((
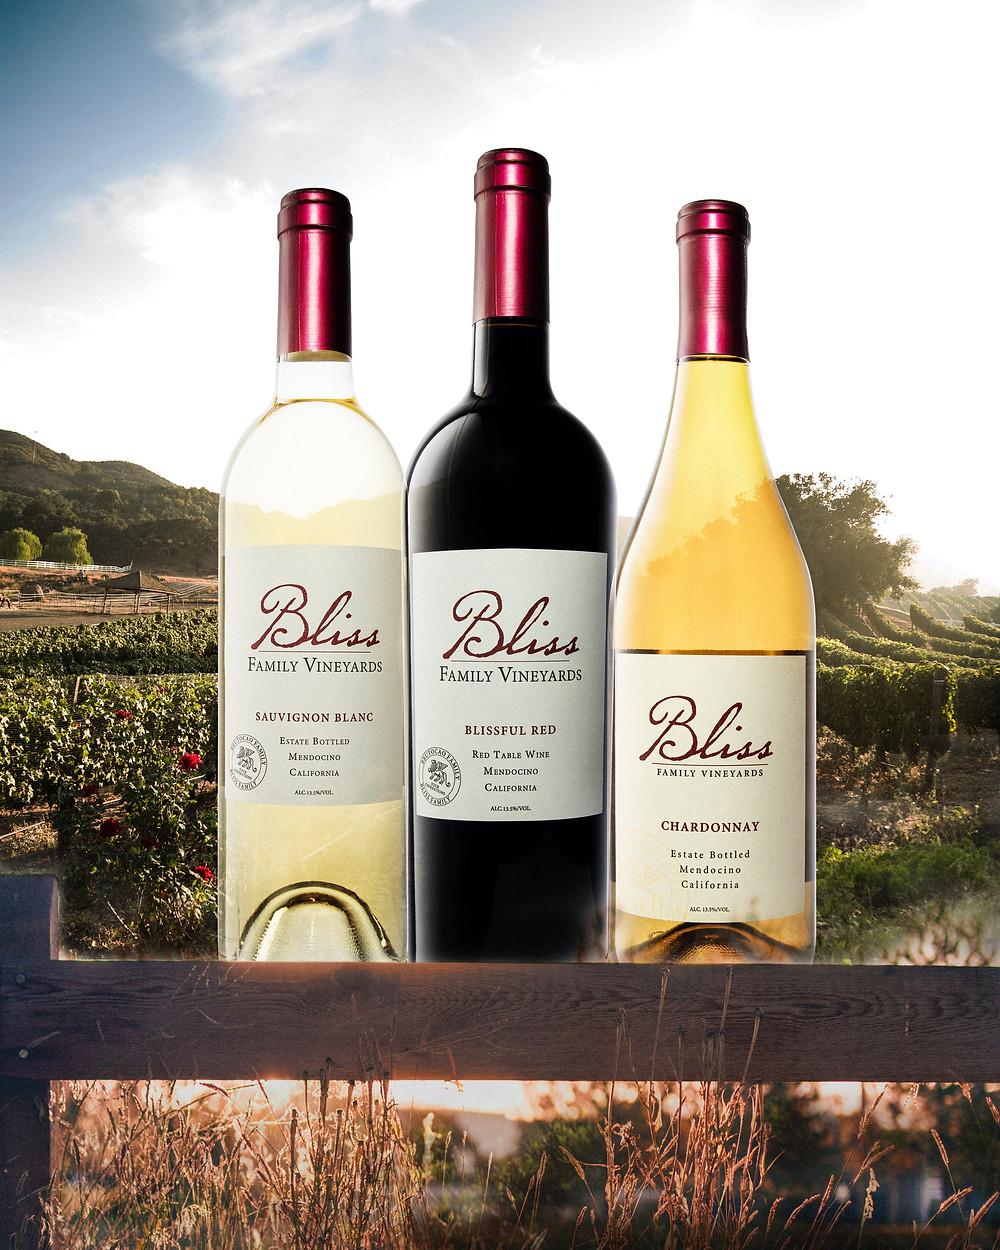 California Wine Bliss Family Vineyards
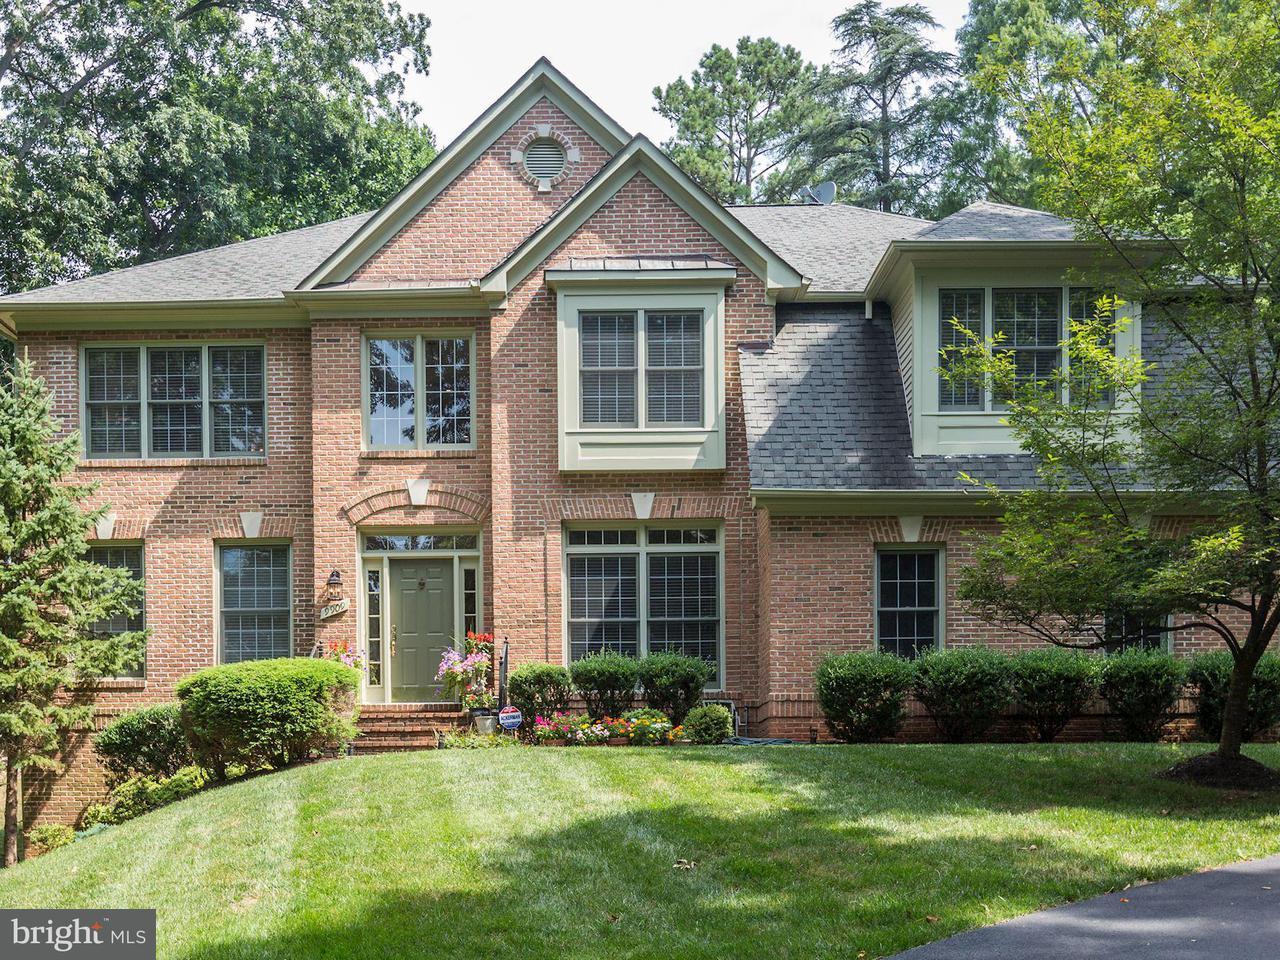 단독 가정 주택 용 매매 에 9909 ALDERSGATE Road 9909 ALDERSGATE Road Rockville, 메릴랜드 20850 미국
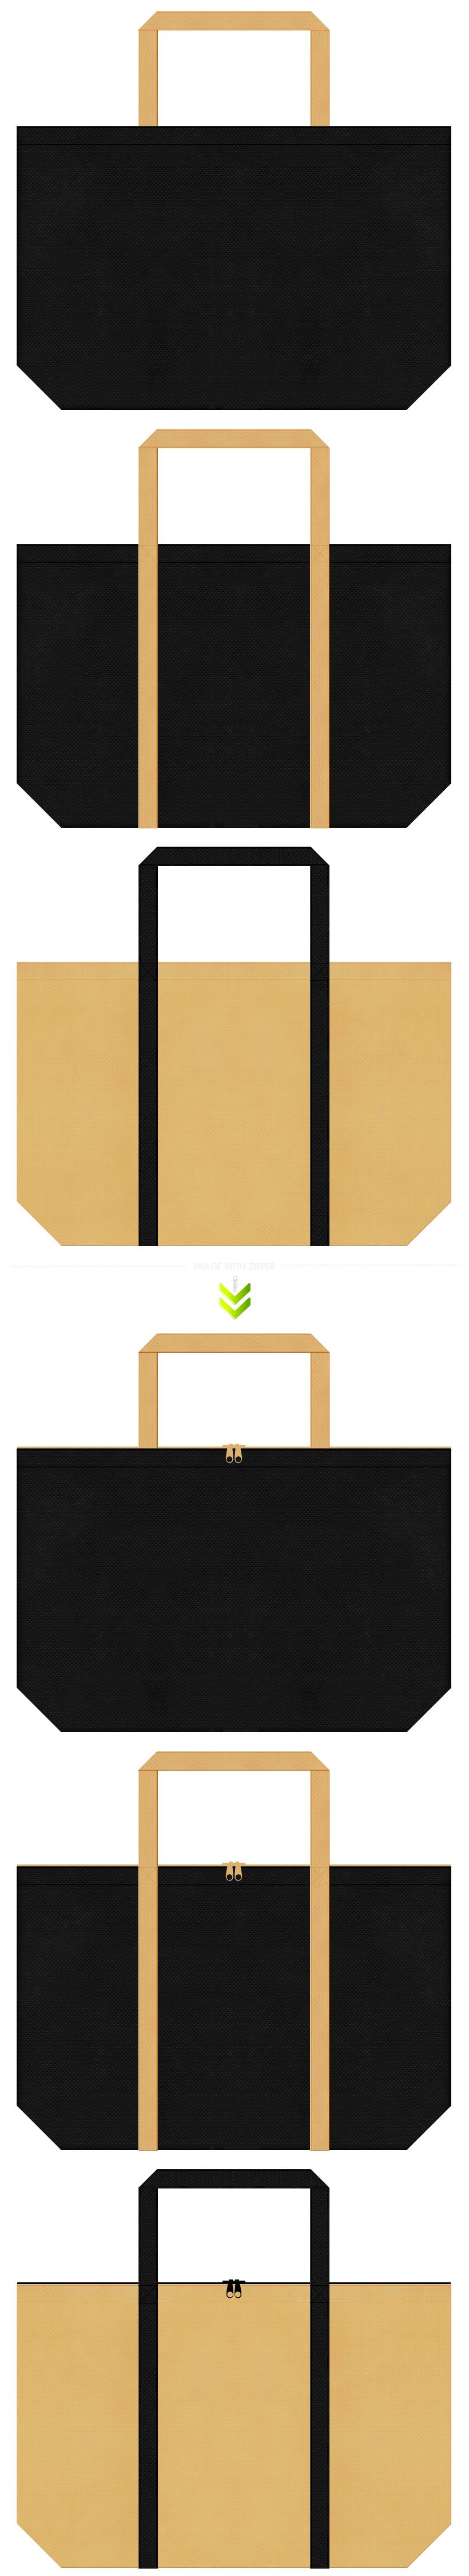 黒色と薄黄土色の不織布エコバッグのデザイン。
))
((
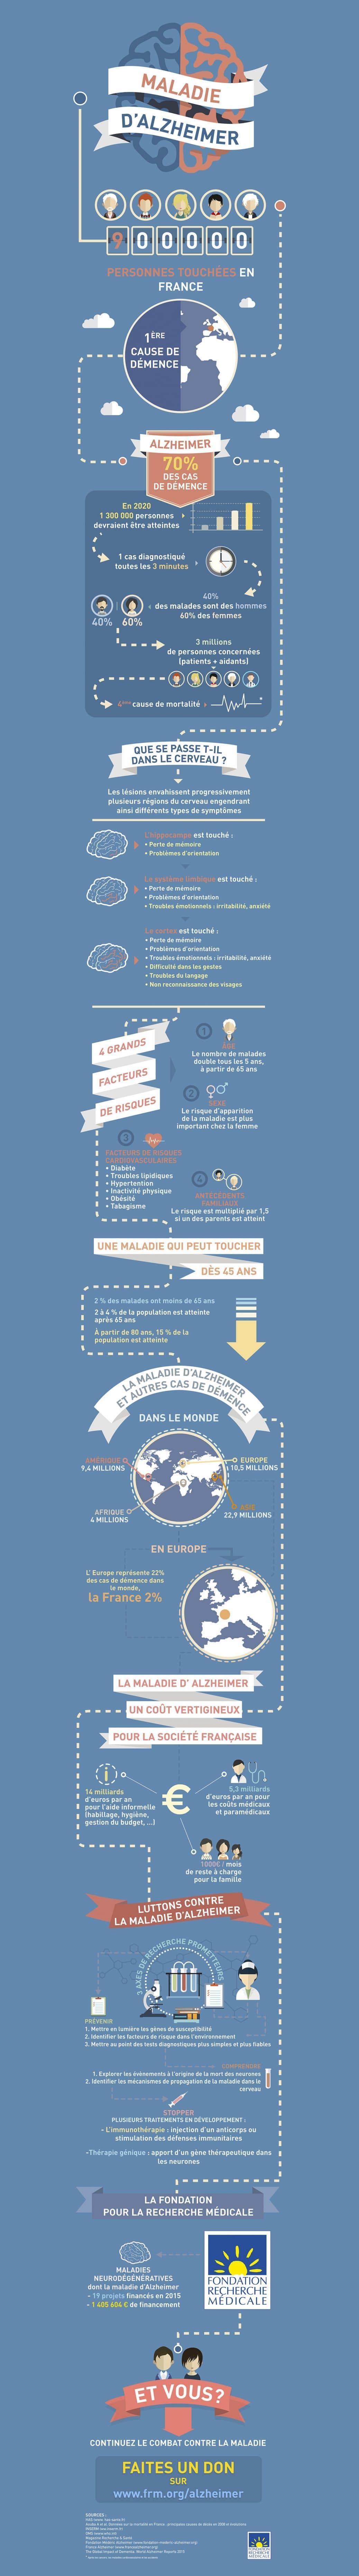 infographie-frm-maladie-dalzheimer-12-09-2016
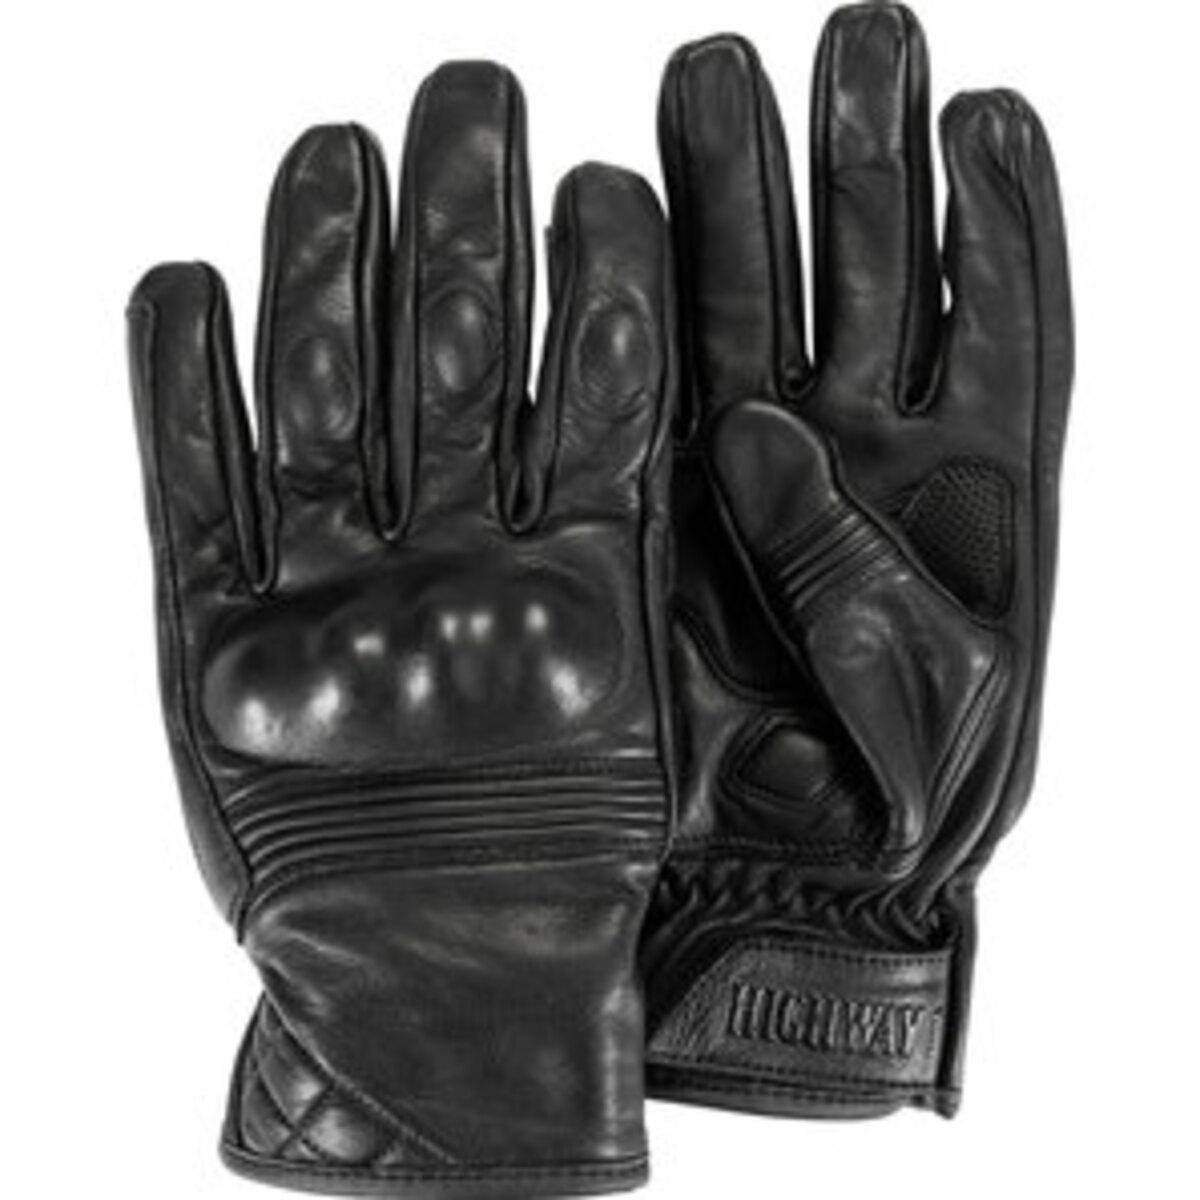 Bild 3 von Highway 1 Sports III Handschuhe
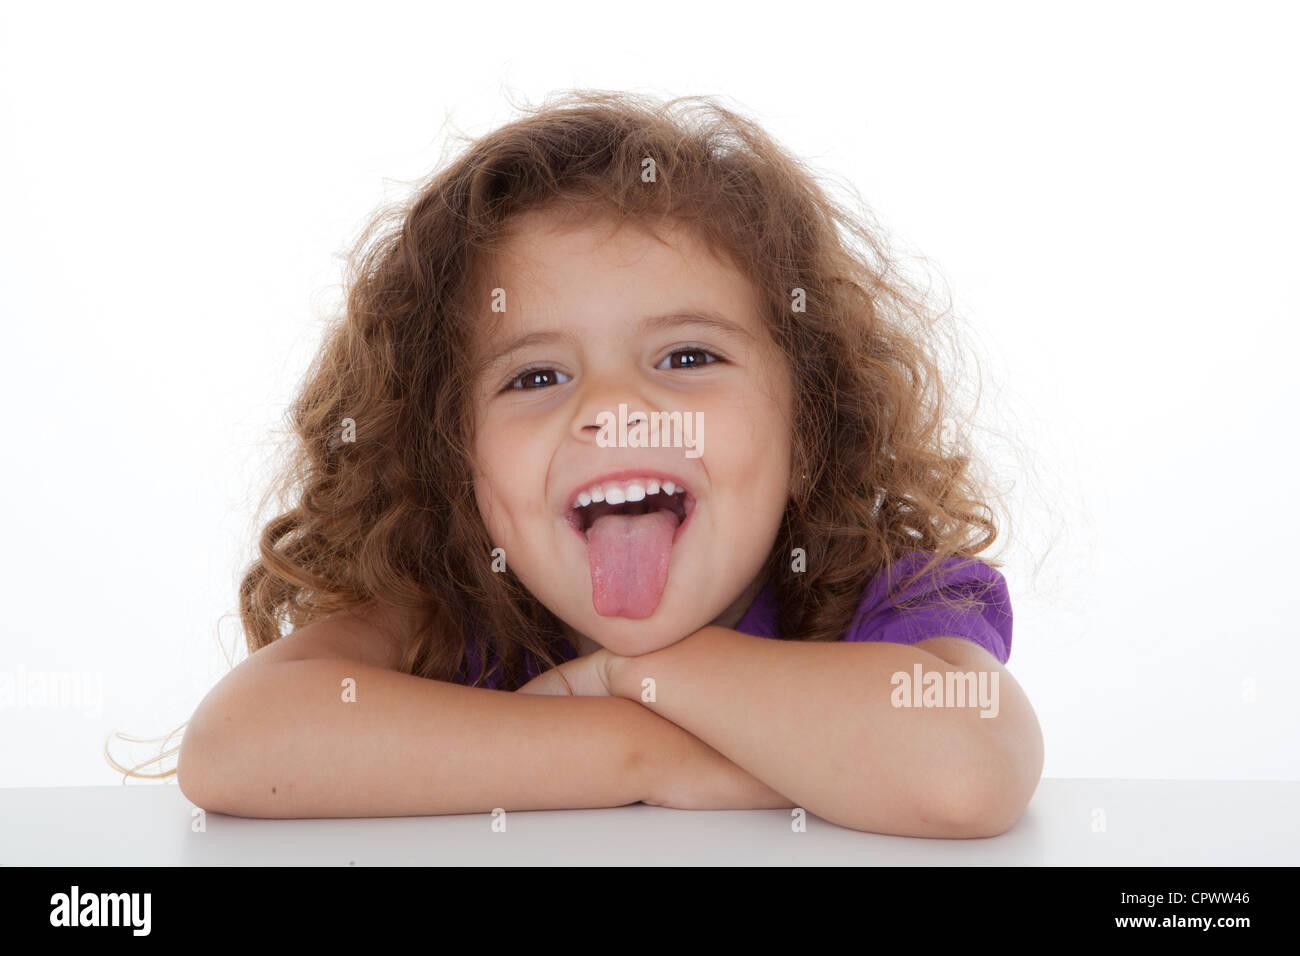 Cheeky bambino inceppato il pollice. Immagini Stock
))
**Work instruction:** Each line above from the one containing "단독 가정 주택 용 매매" through the one containing "黒色と薄黄土色の不織布エコバッグのデザイン。" is to be returned verbatim. Nothing else, and no pictures.

**Finished exercise:**
 단독 가정 주택 용 매매 에 9909 ALDERSGATE Road 9909 ALDERSGATE Road Rockville, 메릴랜드 20850 미국
 黒色と薄黄土色の不織布エコバッグのデザイン。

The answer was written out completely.